Prove that no kebab could exist if $n\equiv 1,2 \pmod 4$.

Let $x_1, x_2, \ldots, x_n$ be the positions of the left-most vegetable, for each vegetable numbered $1, 2,\ldots, n$, respectively. Then the positions for the other vegetables are: $x_1+2, x_2+3, \ldots, x_n+n+1$. Note that these $2n$ positions should all be distinct and in the range of $[1,2n]$.

Note that for all $i$, if $i$ is odd, $x_i$ and $x_i+i+1$ will have the same parity, and if $i$ is even, they will have different parity.

Now, suppose $n=4k+1\equiv 1 \pmod 4$

There are $2k+1$ vegetables with odd index, and $2k$ vegetables with even index.

There are in total $8k+2$ positions to be filled, with $4k+1$ even-indexed positions and $4k+1$ odd-indexed positions.

Since the vegetables with even index will use one even-indexed position and one odd-indexed position, there will be $4k+1-2k=2k+1$ even-indexed positions and $2k+1$ odd-indexed positions left for the vegetables with odd index. But each pair of vegetable with odd index will use two position with the same parity. Since $2k+1$ is odd, we won't be able to place all the odd index vegetables.
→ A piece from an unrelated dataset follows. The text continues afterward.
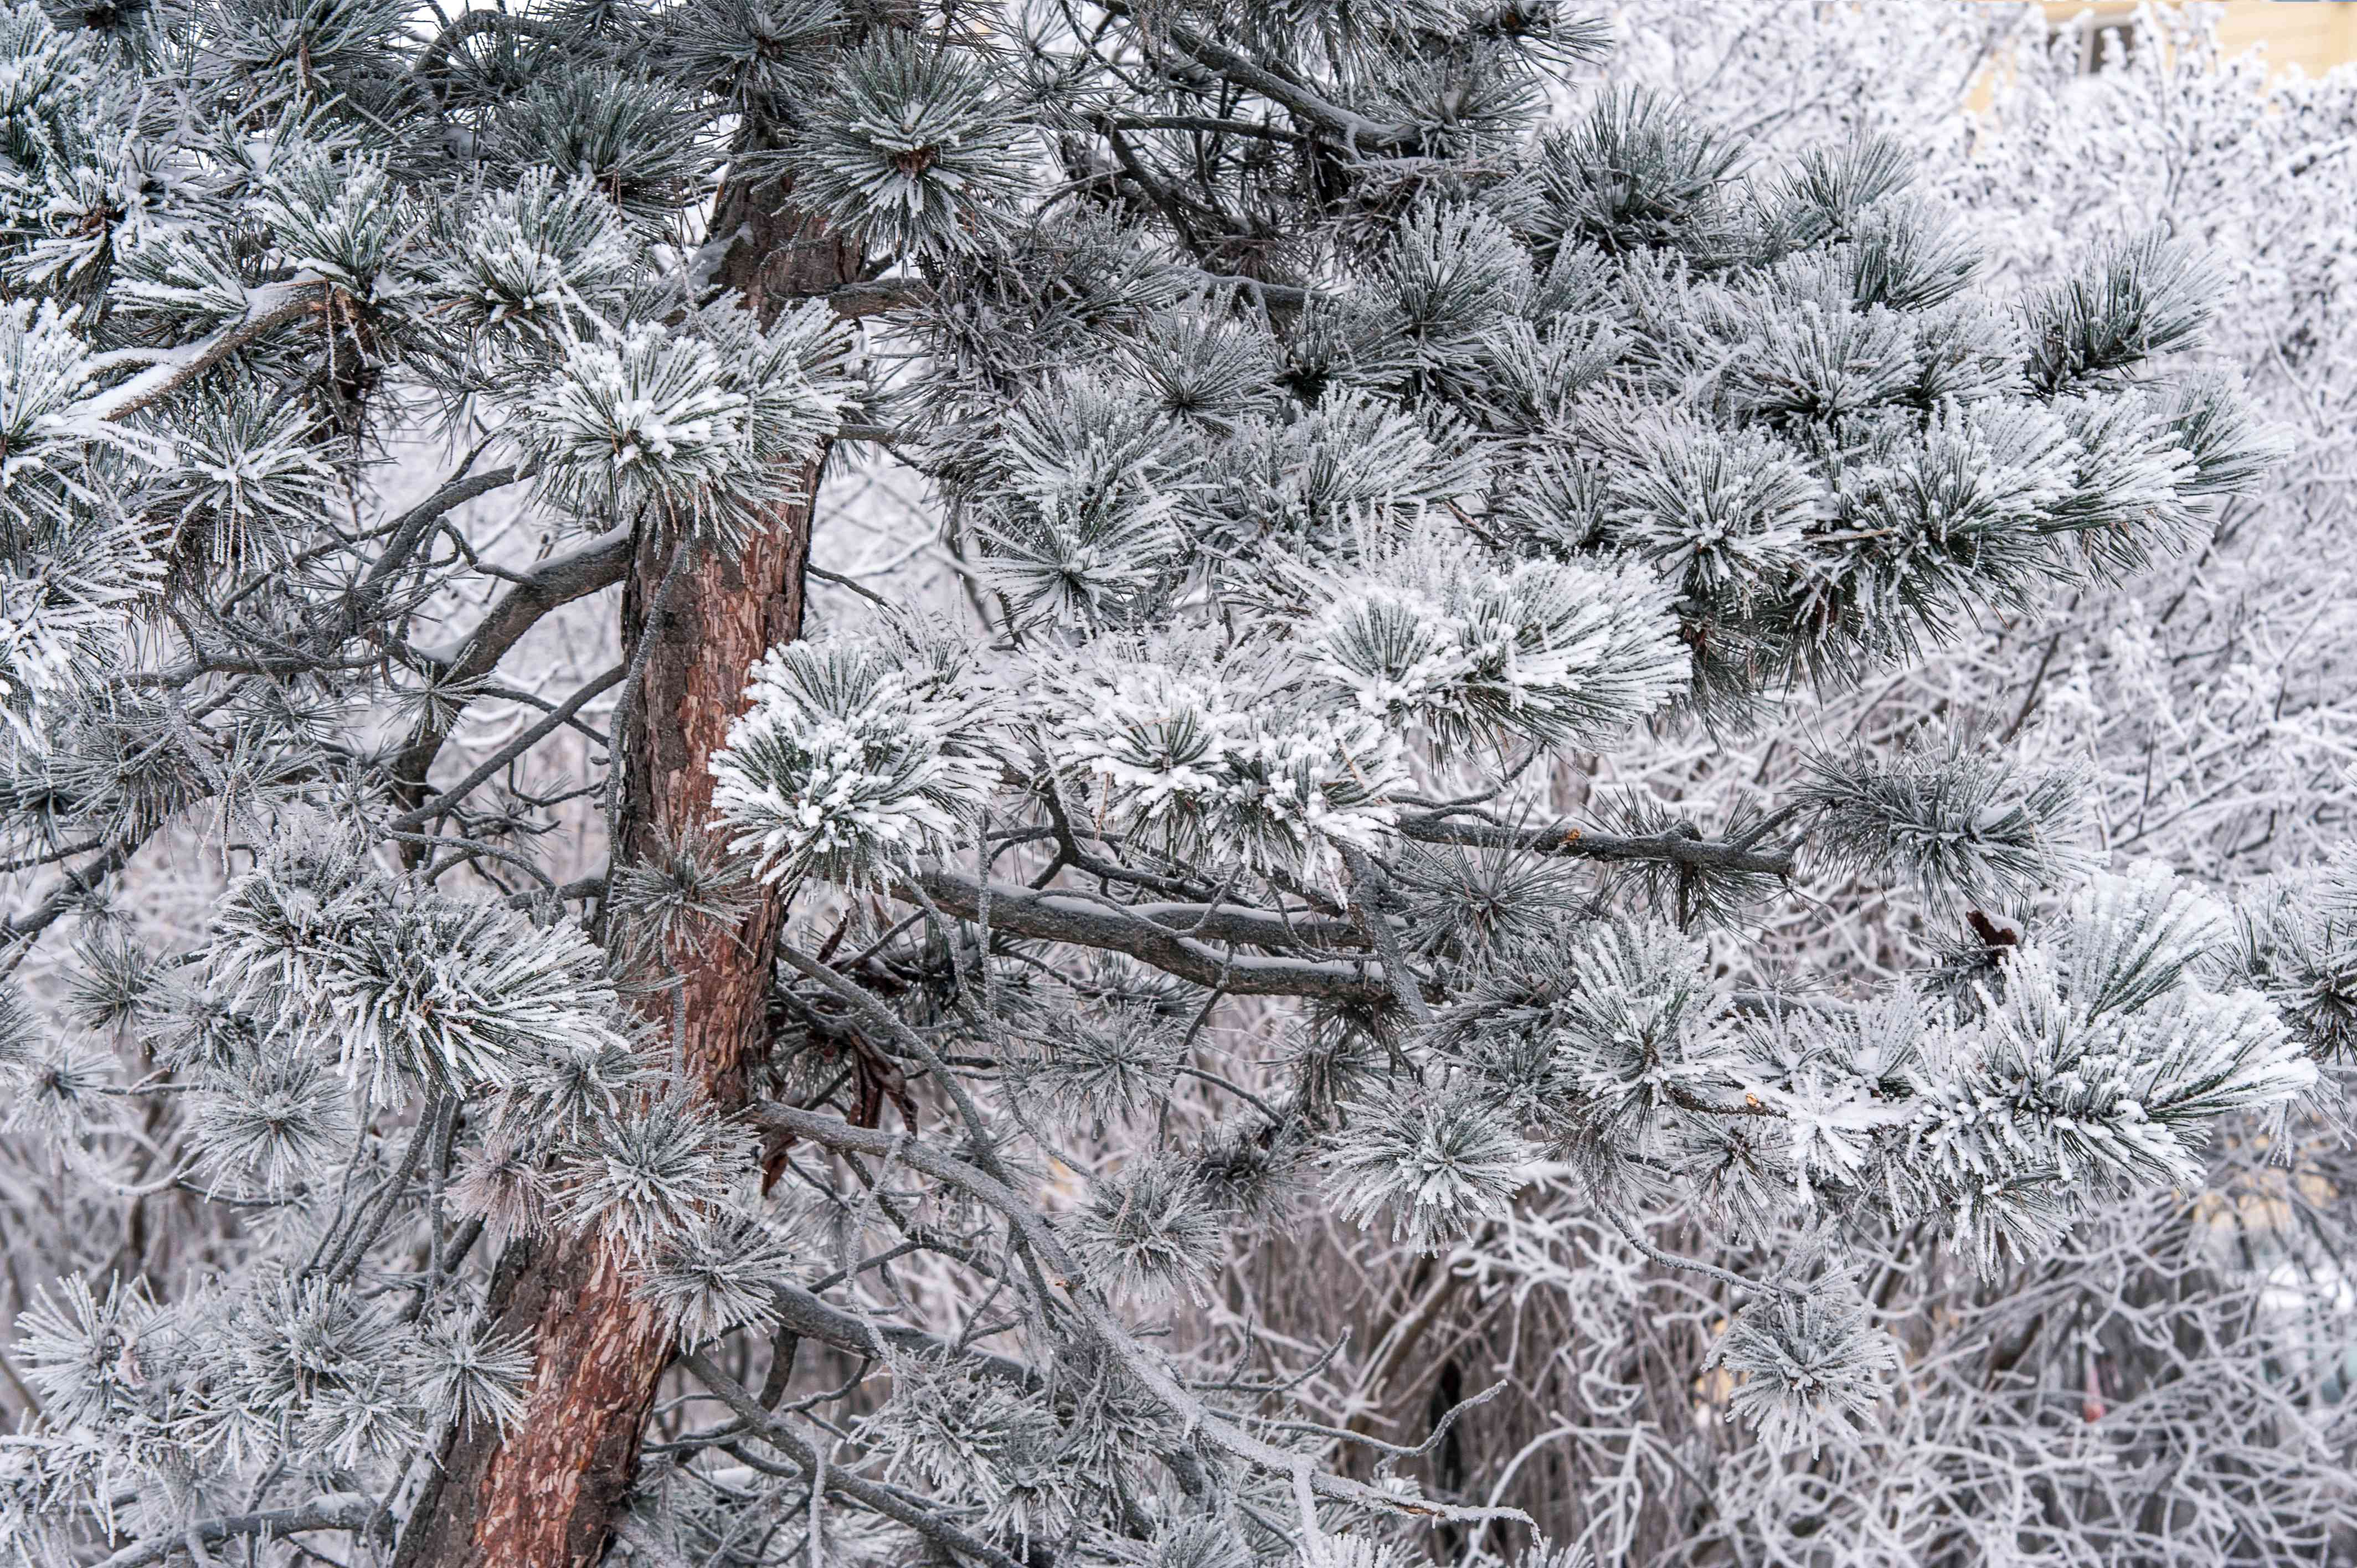 Scots pine in winter

For the case $n=4k+2\equiv 2(\mod 4)$, it's quite analogous to previous case, again resulting in $2k+1$ odd-indexed positions for the remaining $2k+1$ odd index vegetables, each requiring two positions with the same parity.

So it's impossible to have a kebab when $n\equiv 1,2\pmod 4$

Prove that there is a kebab for $n\equiv -1,0\pmod 4$

I intended to give a constructive proof here, but it seems difficult.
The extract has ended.